Philip Jones Griffiths, Anti-nuclear Demonstration,
New York, (1980),
black and white photograph
During his forty-year career - thirty of them with the prestigious co-op agency Magnum - Welsh photojournalist and humanist Philip Jones Griffiths covered events in more than 140 countries. More than one hundred of his striking photographs were selected by Curatorial Assistance, Los Angeles, for the circulating exhibition "Dark Odyssey".
This unforgettable body of images communicates Griffiths' awareness of the social and political forces that motivate war, famine and civil unrest as well as their consequences. His images appear to be populated with archetypes of good and evil: monsters and their victims, aggressive warriors and gentle villagers, or urban and environmental destruction and the people who must live in such conditions of tragedy. Yet his captions add a degree of compelling ambiguity, making his photographs more true to the ironies and entanglements of life itself than to dichotomies.
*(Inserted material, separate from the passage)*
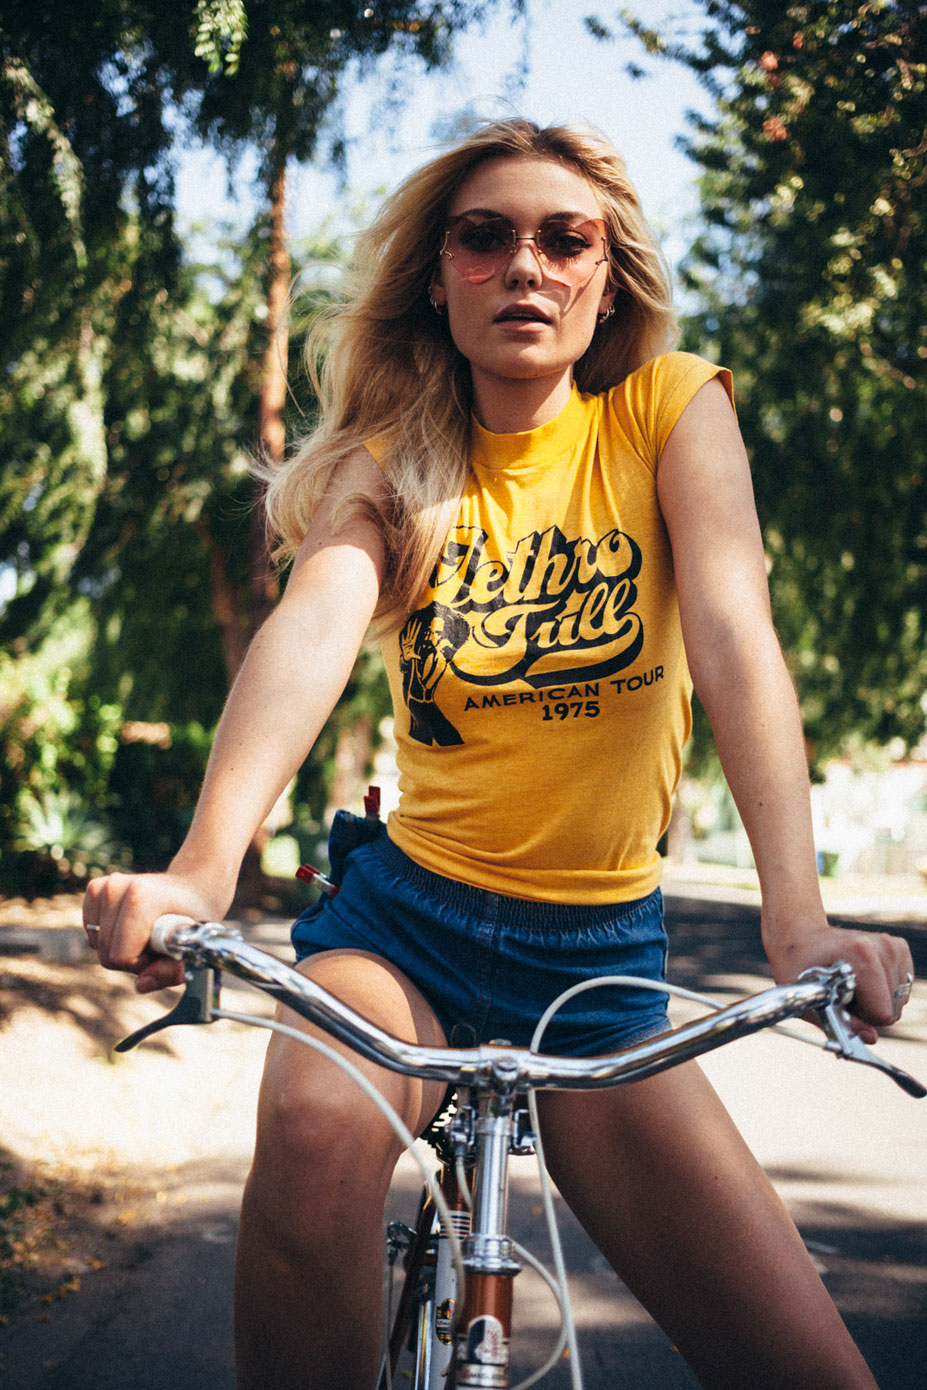 На велосипеде и в бассейне - Фара Холт / Farah Holt - Off The Rails Magazine

Jones Griffiths is adamant about photographic honesty and he prints with as little manipulation as possible. As he puts it, "The ability to cheat denies photography the one good thing it's got going for it: veracity." In a decade of image-processing software, sophisticated printing techniques and the impoverishment of high-art content, his dead-ahead photographs are startling in their frankness and immediacy.